Under rare circumstances this error might occur when you configure IP customization or an in-guest callout for the virtual machine and the recovery site cluster is in fully-automated DRS mode. An unexpected vMotion might cause a temporary communication failure with the virtual machine, resulting in the customization script error.
Workaround: Rerun the recovery plan. If the error persists, configure the recovery site cluster DRS to manual mode and rerun the recovery plan.
- Recovery fails with
Error creating test bubble image for group ... The detailed exception is
Error while getting host mounts for datastore:managed-object-id... or
The object has already been deleted or has not been completely created.
If you run a test recovery or a planned recovery and the recovery plan fails with the specific exception, the LUN used for storing replication data has been temporarily disconnected from ESXi.

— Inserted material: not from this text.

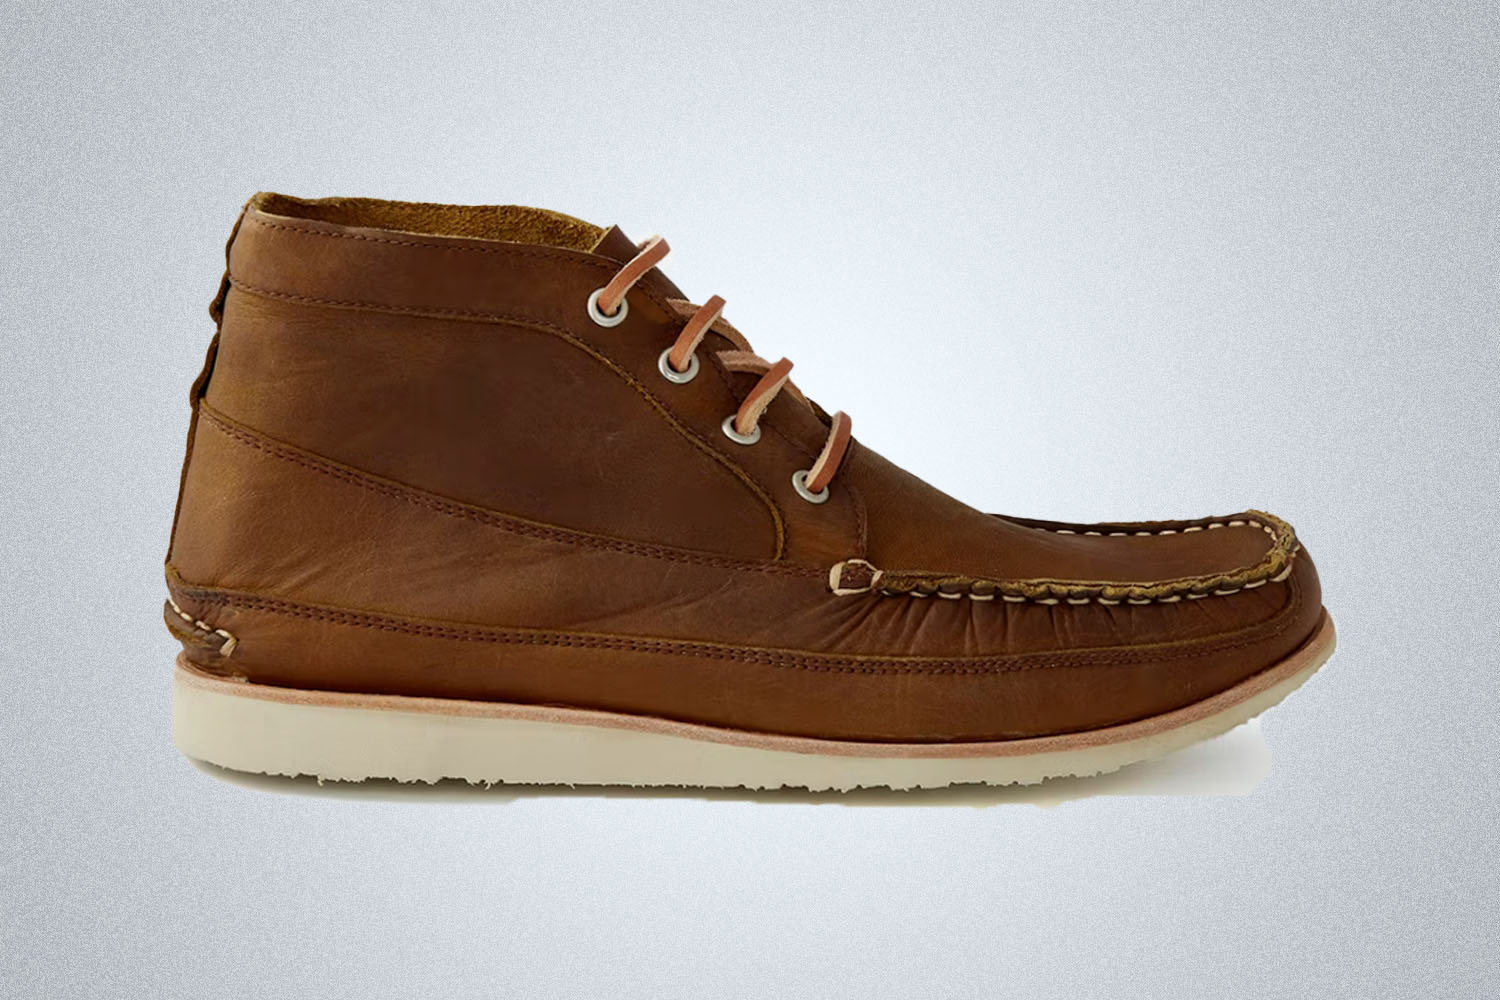 A brown leather Chukka boot from Easymoc on a grey background

When reconnected, replication continues as normal and no replication data is lost. The exception occurs during these scenarios:
- vSphere Replication cannot locate the LUN as the LUN has changed its internal ID.

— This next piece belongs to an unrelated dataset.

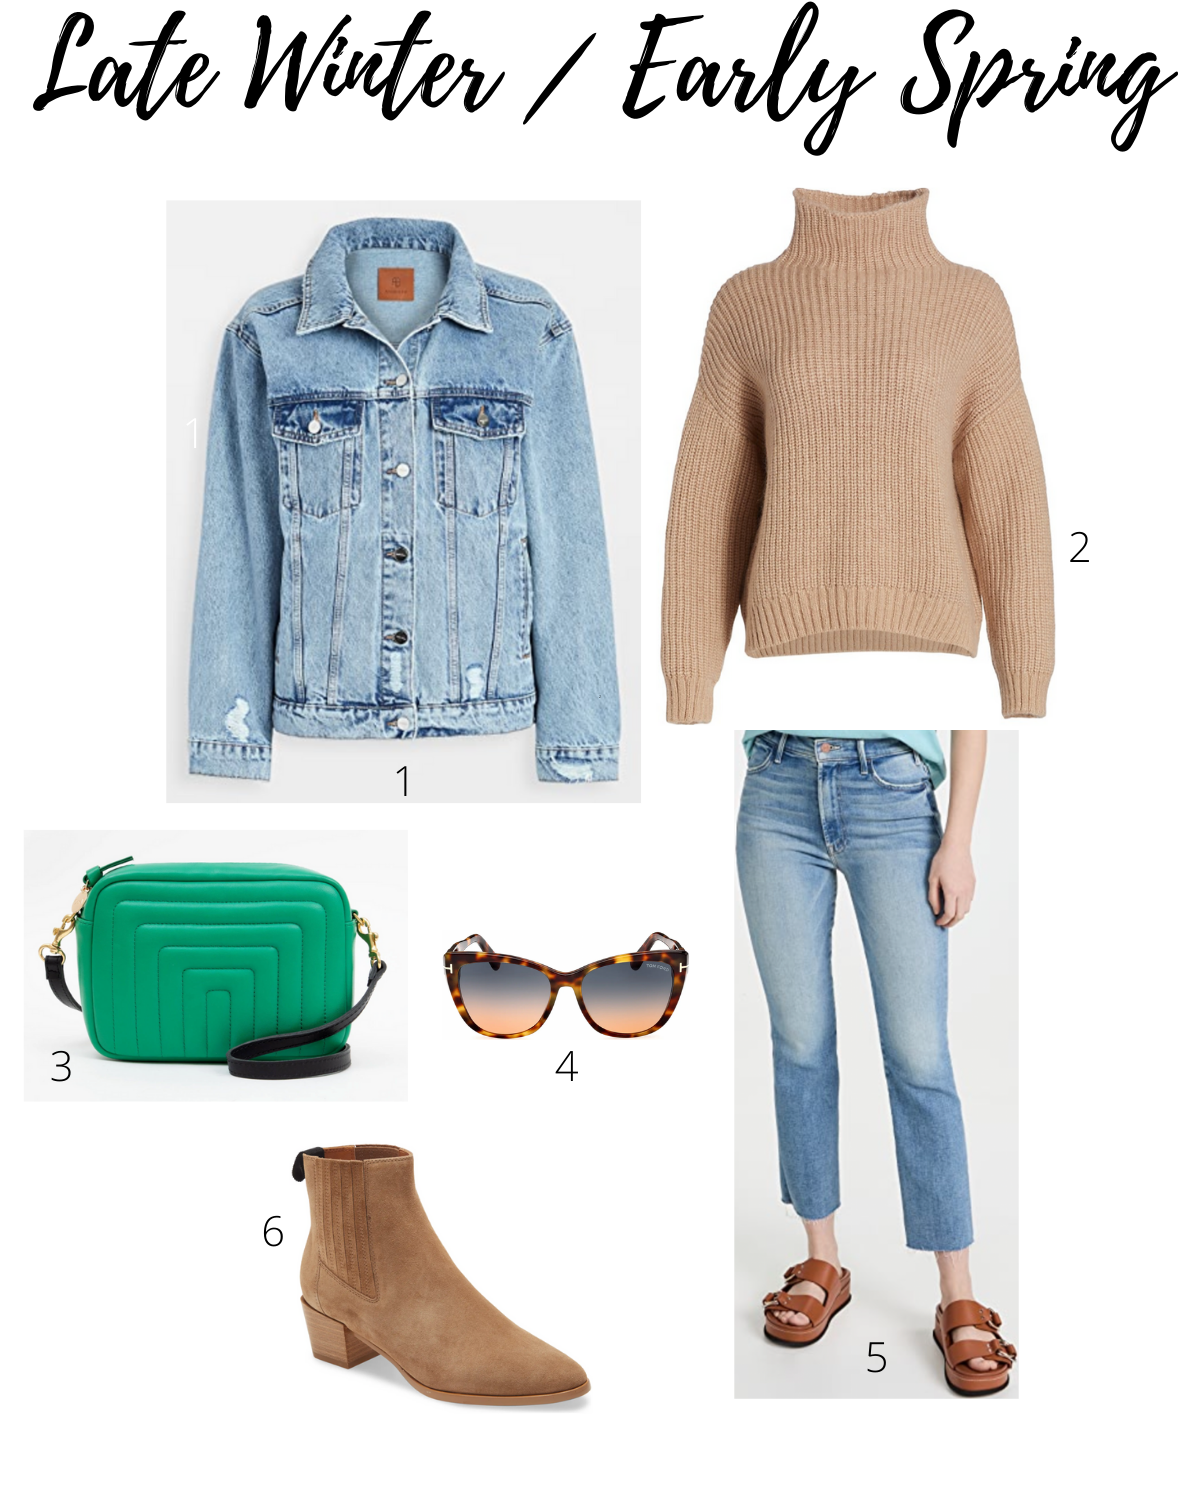 Is double denim in fashion - a late winter / early spring look.

- The target datastore internal ID changes when the host containing the target datastore is removed from vCenter inventory and later added.
You must manually reconfigure the replication to refresh the new ID.
Workaround: If the primary site is no longer available, contact VMware Support for instructions on manually updating the VRMS database with the new datastore managed object id. If the primary site is still available:
- Run a cleanup operation on the recovery plan that failed.
- In the Virtual Machines tab of the vSphere Replication view, right-click a virtual machine and select Configure Replication.
- Click Next, and click Browse to change the location of the files on the datastore that has been disconnected and then reconnected, and select the same datastore and folder locations as before.
- Reuse the existing disks and reconfigure the replication of the virtual machine. The vSphere Replication management server picks up the changed datastore identity (managed object ID) in vCenter Server.
- Wait for the initial sync to finish. This sync uses existing disks and checks for data consistency.